The News
Director of National Intelligence Tulsi Gabbard ended her first of two high-profile Hill appearances on Wednesday with the continued confidence of the White House, even as she offered mixed signals about one of its central rationales for the Iran war.
Gabbard, testifying in front of the Senate Intelligence Committee, said the Iranian regime “appears to be intact but largely degraded” weeks into its conflict with the US and Israel. “Even if the regime remains intact,” she added, “internal tensions are likely to increase as Iran’s economy worsens.”
But Gabbard, a longtime critic of US foreign intervention, omitted from her verbal remarks — citing time restrictions — a portion of her written statement that asserted that “Iran’s nuclear enrichment program was obliterated” by last year’s 12-day Iran-Israel war. The omitted portion also stated that the regime has made “no efforts since then to try to rebuild their enrichment capability.”
President Donald Trump has repeatedly stated that he began the war with Iran because the country was just weeks away from obtaining a nuclear weapon, describing the threat as “imminent.” One of Gabbard’s top aides, Joe Kent, cited opposition to the war in his public resignation on Tuesday, and the Washington Post has reported that she joined Kent in a meeting with Vice President JD Vance where the resignation got discussed.
“The intelligence community assessed that Iran maintained the intention to rebuild and to continue to grow their nuclear enrichment capabilities,” Gabbard later said when senators pressed her about whether there was an imminent threat assessment. “The only person who can determine what is and is not an imminent threat is the president.”

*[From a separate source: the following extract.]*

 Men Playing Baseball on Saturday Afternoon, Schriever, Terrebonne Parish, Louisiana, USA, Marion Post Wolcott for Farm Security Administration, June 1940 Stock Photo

That’s in line with the carefully worded statement Gabbard released after Kent’s resignation, which did not include a line about whether she believes that Iran posed an imminent threat. Instead, she specified that Trump “concluded that the terrorist Islamist regime in Iran posed an imminent threat.”
Earlier Monday, White House press secretary Karoline Leavitt told reporters that “to her knowledge” Gabbard’s position is not in jeopardy.

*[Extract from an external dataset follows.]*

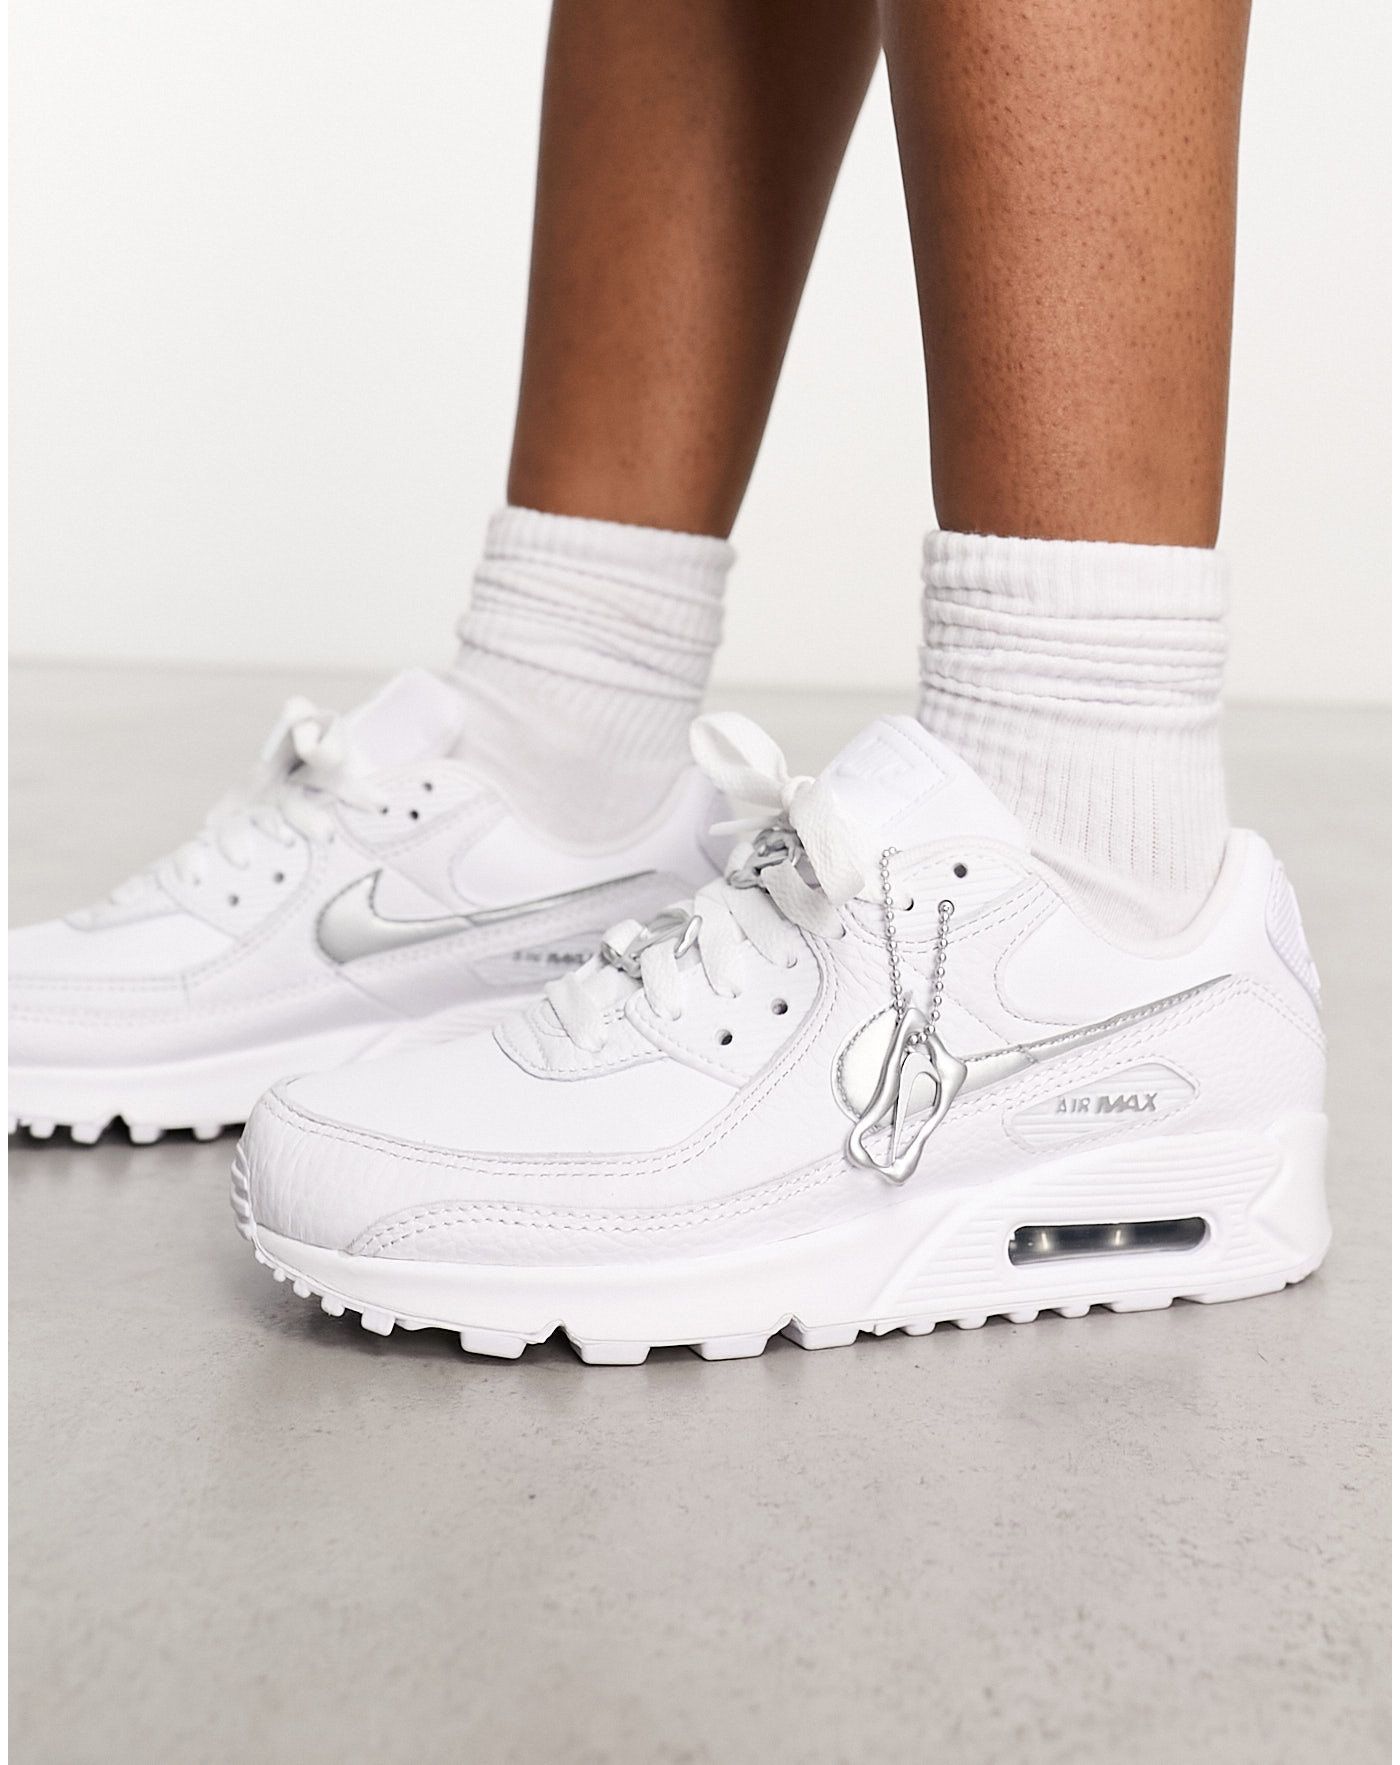 Nike Air Max 90 trainers in white and silver jewellery

“I haven’t heard the president say that,” Leavitt said. “So obviously that’s a question for him, but I haven’t heard him say that at all.”
Know More
Gabbard’s verbal remarks throughout the hearing were at times more forceful in her defense of the goals of the war than the portions of her written statement she didn’t read aloud.
She told senators that the intelligence community determined that, if a “hostile regime survives” the war, “it will likely seek to begin a years-long effort to rebuild its” military infrastructure.
And she indicated at one point that Iran “was trying to recover from the severe damage to its nuclear infrastructure” during last year’s conflict, a softened version of her written explanation.
She is slated to testify again in the House on Thursday morning.
Notable
- Kent’s resignation laid bare the rift within Trump’s base over the Iran war, Semafor reported.